Five Key Steps to a Successful Transition

This article appeared in the May 2021 issue of MiMfg Magazine. Read the full issue and find past issues online.

No transition is simple. Most, if not all, are complex. But a successful transition delivers. It increases revenue, cuts costs and boosts customer satisfaction. It also frees up critical resources you can use to shore up activities designed to create a sustained competitive advantage and, given today’s hotly contested marketplaces, creating a sustained competitive advantage is imperative if you want to survive.

Executing A Successful Transition

The key to pulling off a successful transition is to do five things:

  1. Create your vision for a successful transition
  2. Secure senior manager commitment
  3. Determine organizational readiness
  4. Anticipate organizational risks
  5. Define successful transition

Once you have identified the barriers and blind spots, you obviously need to address them.
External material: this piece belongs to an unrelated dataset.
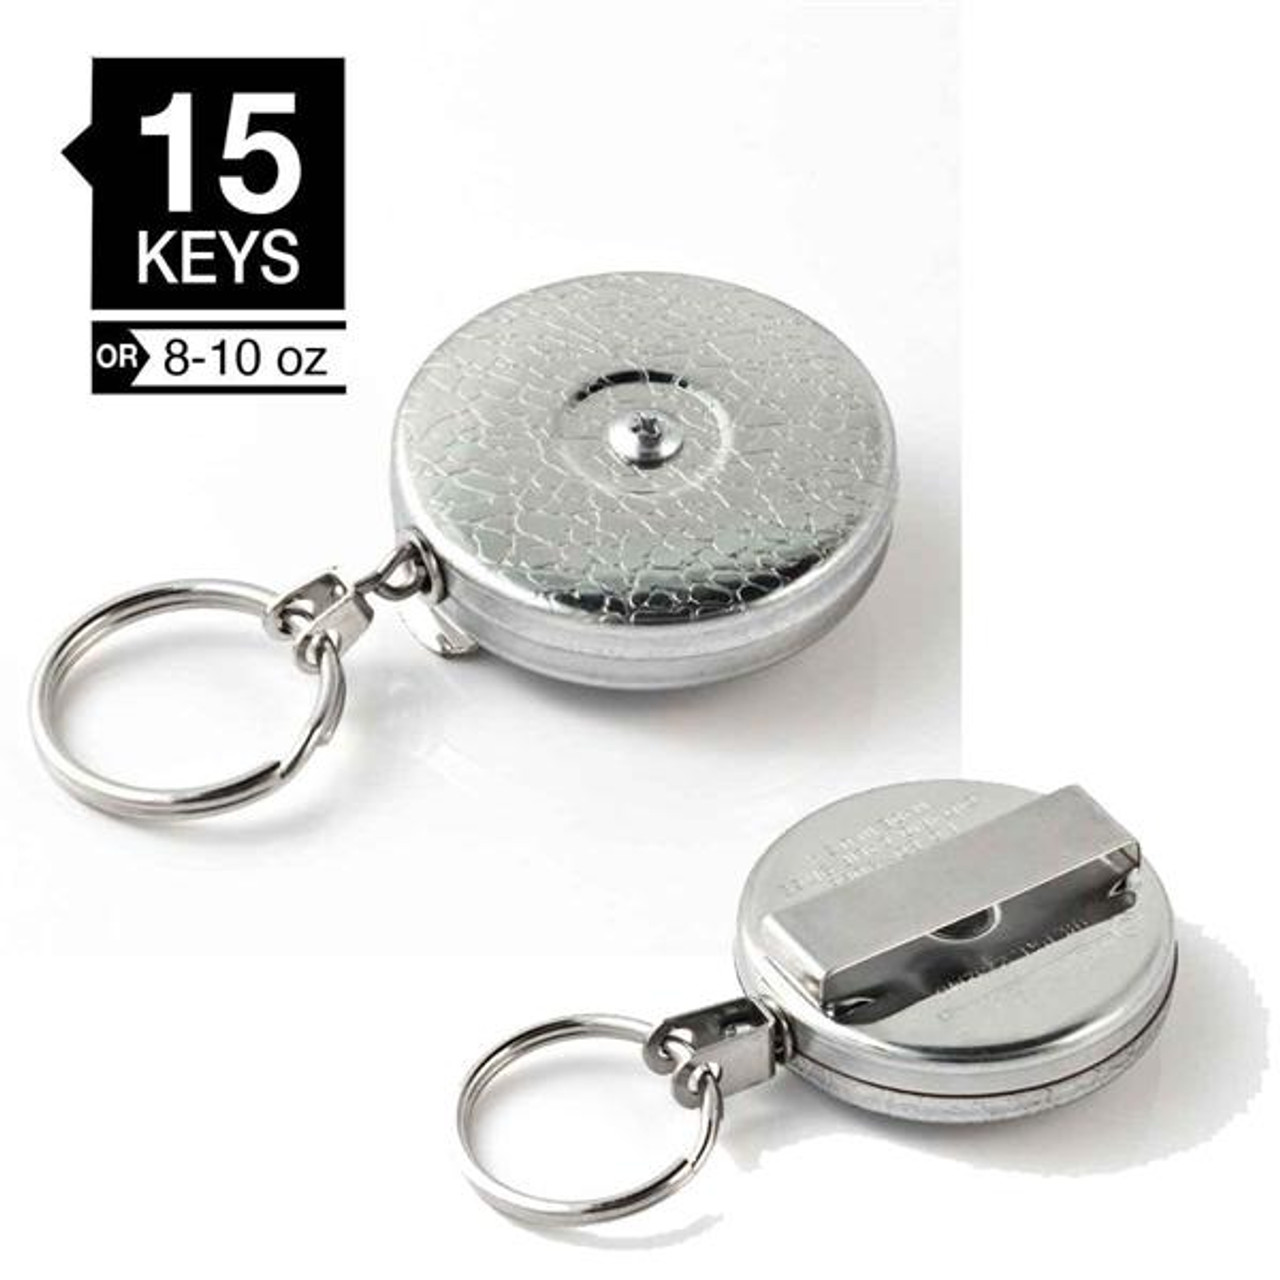 Shop for and Buy Key-Bak Model #3 Key Retractor Slip Thru Belt 24

Your goal is to create an effective situation that can grow and change with your company and seeking an independent family business consultant can be a great way to create that foundation.

1) Create a vision for a successful transition

Failing to create a comprehensive vision for your own succession is among the top mistakes in transitioning. Without a clear vision, stakeholders may see the effort as a cost-cutting measure. If that happens, your transition may fall flat.

2) Secure senior manager commitment

This is a key early step. Employees will only commit to change as they see senior leaders do it. You can secure senior manager commitment by demonstrating the benefits of outside consultant engagement. To encourage commitment, show senior managers what’s possible once the transition is executed.

3) Determine organizational readiness

Assessing readiness is among the transition’s most critical steps. Assess the organization from technical, mental and cultural standpoints. Then set realistic expectations and manage them actively. When setting deadlines and goals, under promise and over deliver.

4) Anticipate organizational risks

Organizations are vulnerable during transitions. Develop a plan for overcoming the risks involved. A key element of this plan is a strategy that deals with loss of control issues — both real and imagined.

Also, be on guard for a possible decline in performance and baseline services during the transition — a plan to handle these changes helps.

5) Define successful transition

Even if your transition moves ahead as scripted, it may not achieve the business outcomes that some expect. Avoid this problem. Define what success is and how it will be evaluated both quantitatively and qualitatively. Active and accurate measurement, including establishing key benchmarks for success, should be done both during and after the transition. Reporting keeps everyone on the right track and in the loop.

Transitions are always challenging. Most are complex undertakings that leave your business vulnerable when occurring. But once completed, they deliver enormous benefits.

If all this sounds daunting, working with an experienced service provider that has a proven track record increases your chances of executing a successful transition. So, don’t be afraid to tap this expertise.